The pillow had long since slipped from her grasp, and Jessica curled into a little ball on the bed. She allowed herself a moment of grief (what for?) before returning to the task of sorting out why she loved Kilgrave so much.

Okay, so the clothes thing was fucking irritating, but there were other things she loved about him. The sex was fan-fucking-tastic. He made her so wet and needy and hungry for him like no other man before him (a fact that he had her repeat. Often.) He played her body like a fiddle, just knowing all the places she liked being touched and just how to touch them (he regularly grilled her on what she enjoyed and didn't. He seemed to gloss over that second part more often than she'd like). With his bountiful charm, just a few choice words whispered at dinner would have her panting and needing him and she was barely able to keep her hands off of him until they'd made it back to the hotel (or the backseat of the car, on more than a few occasions). And she sucked his cock more often than she had any other man, and kept smiling at him the whole time (his standard request most days, heedless of whether they were in the privacy of his suite or not. She didn't like that last part, either).

But overall, Jessica had to admit that there were far more pluses than minuses, and that seemed good enough to warrant how she felt about him. Nobody's perfect, let alone herself so why should she throw stones? He annoyingly pointed out her many imperfections, usually when she'd angered him about something or another. She at least had the decency to keep most of her opinions to herself! (most of the time, sometimes she slipped up. She didn't like when that happened, if only for the consequences that followed).

Hour twelve was by far the worst part.

It was thinking about Trish that finally caused the cobwebs to fall from her mind. Jessica had been walking with Trish outside of the very hotel she would later be caged in, and had off-handedly remarked that she was curious about how it actually looked on the inside. Trish had raised a brow, took Jess's hand, and brought her inside to the lobby. 

Spending her teenage years in the Walker household had shown Jessica what money could buy, but this was the sort of hotel that only the wealthy could afford. The decor was expensive, the staff outfitted in expensive uniforms, the actually-living plants in place of plastic ones a cheaper hotel would have... It all screamed money at Jessica, and she'd turned to her sister and- And oh god! Trish! 

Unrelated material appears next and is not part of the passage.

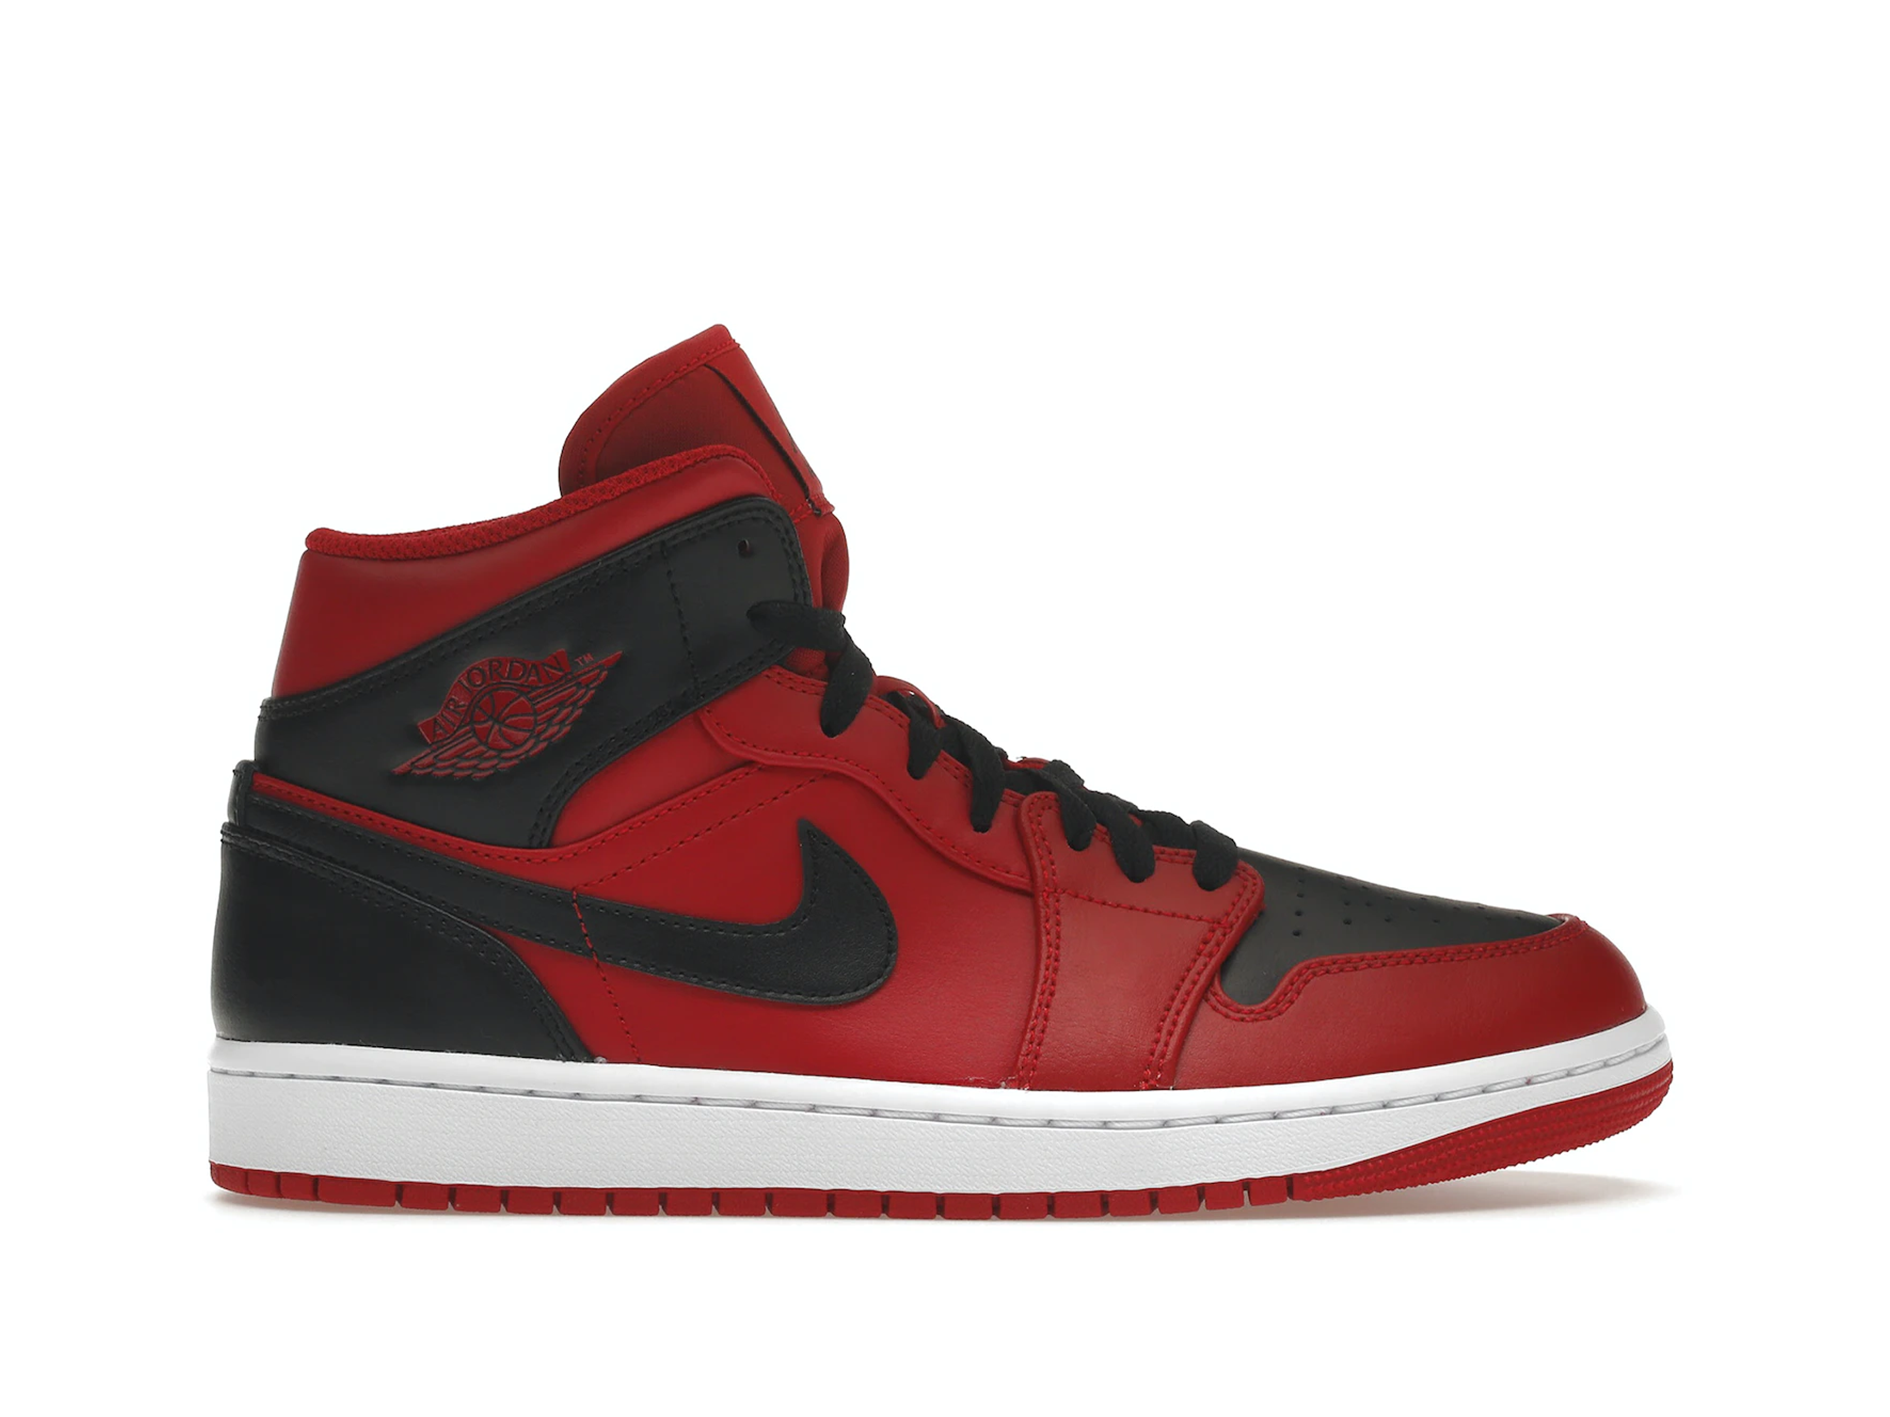 Double Boxed  199.99 Nike Air Jordan 1 Mid Reverse Bred Double Boxed

Snapping free from the memory, Jessica shot up from the bed and gasped as the last vestiges of Kilgrave's command for her to love him completely slipped from her. Then the more recent memories of what he'd done to her came forward and Jessica slid onto her back and into the fetal position, shame and regret and bone-deep violation washing over her.

Jesus Christ, she wanted to vomit. The bile rose in her throat, but knowing that the edge of the bed might well have been on the other side of an invisible force field, Jess swallowed it back down. The burning was good, actually; it reminded her that she was alive and finally herself again. 

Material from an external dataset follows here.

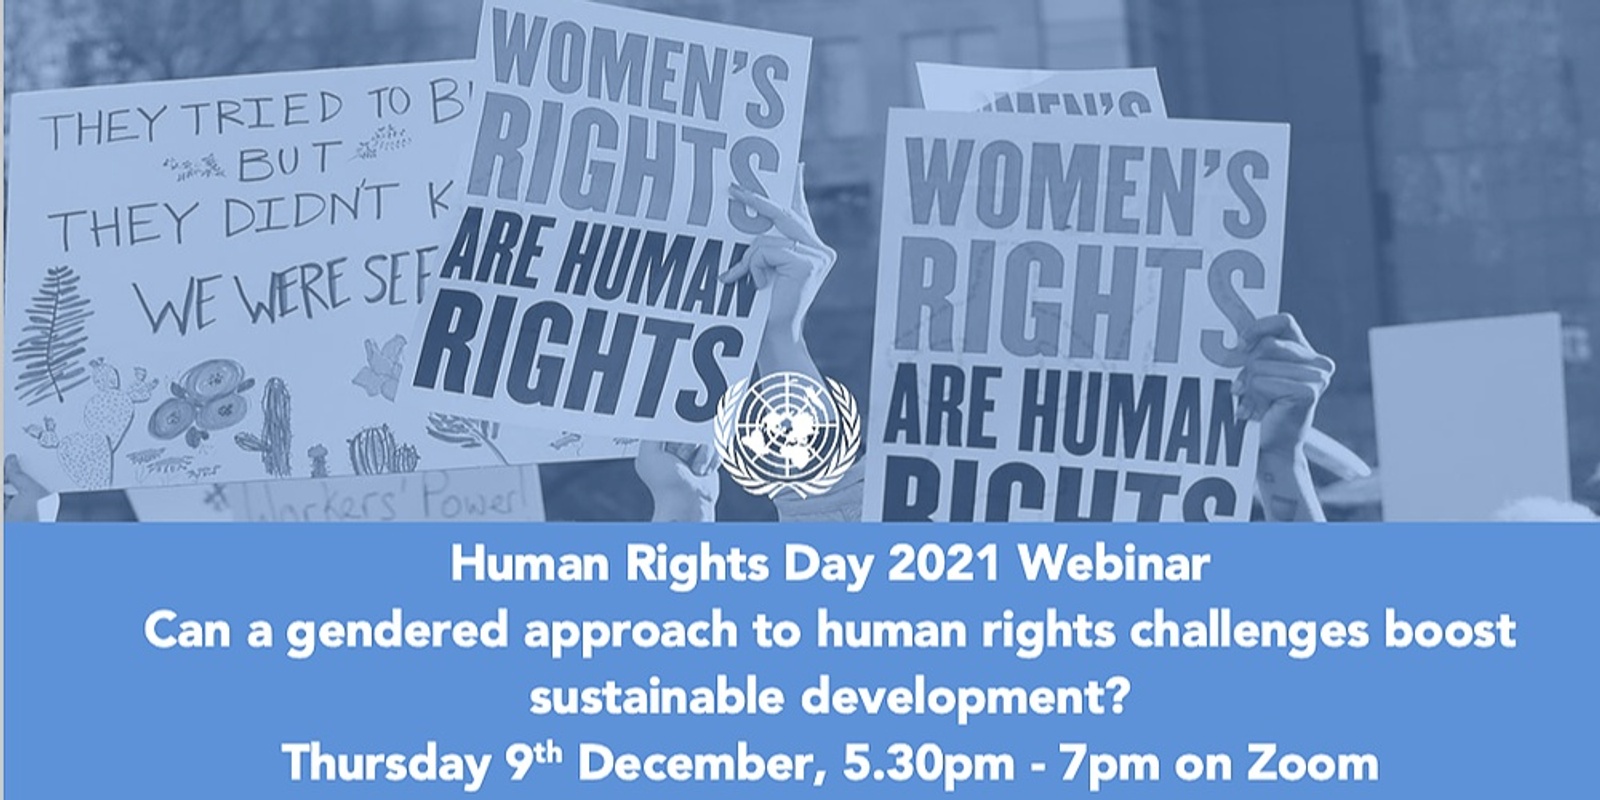 Human Rights Day 2021 Webinar: Can a gendered approach to human rights challenges boost sustainable development?

With the passing of his command, Jessica was free to admit just how much she hated Kilgrave. She'd been kidnapped, enslaved, and made to be like his personal doll and fuck on command. She hated that he made her do all the things that he did. She hated how much he enjoyed her mortification at being made to show him her tits in public, at the restaurant, on the side of the street... If the whim took him, he'd make her suck him off, too. If he was in a particularly bad mood or just wanted to punish her for not being his perfect toy, he'd use his powers to compel her actions but leave her mind free to really appreciate the shame and humiliation. One more than one occasion, he'd not even given her the opportunity to clean up, instead forcing her to walk back with his semen dribbling down her burning cheeks.

She was suddenly missing him again. Jess rolled over and grabbed the pillow again, this time imagining it was his neck she was squeezing. With his command to love him expired, she knew that the desire for his return wasn't hers and could tell herself that. Not since she'd shoved Dorthy Walker away from Trish had Jessica wanted to hurt someone as much as she wanted to hurt Kilgrave. God, how she wanted to kill him!

She hated his little touches. He was always touching her, stroking her, toying with her hair while she could do nothing to stop him. It made her skin crawl each and every time and reminded her that she was nothing more than his slave, more a prized possession than an actual woman. And his desire for her constant smile! Even just the sensation of her lips curving upwards had come to make her stomach heave. 

Jessica was going to enjoy killing him, she really was. In her darker moments, she imagined what it would be like to abuse him the way he had her. The things she could do to him, to make him hurt the way he'd hurt her. But those moments were few and far in between if she were honest with herself. What she wanted more than anything is to just be free of him. To leave him, leave the silken cage she was trapped in, leave the shame and humiliation and anger behind and be free.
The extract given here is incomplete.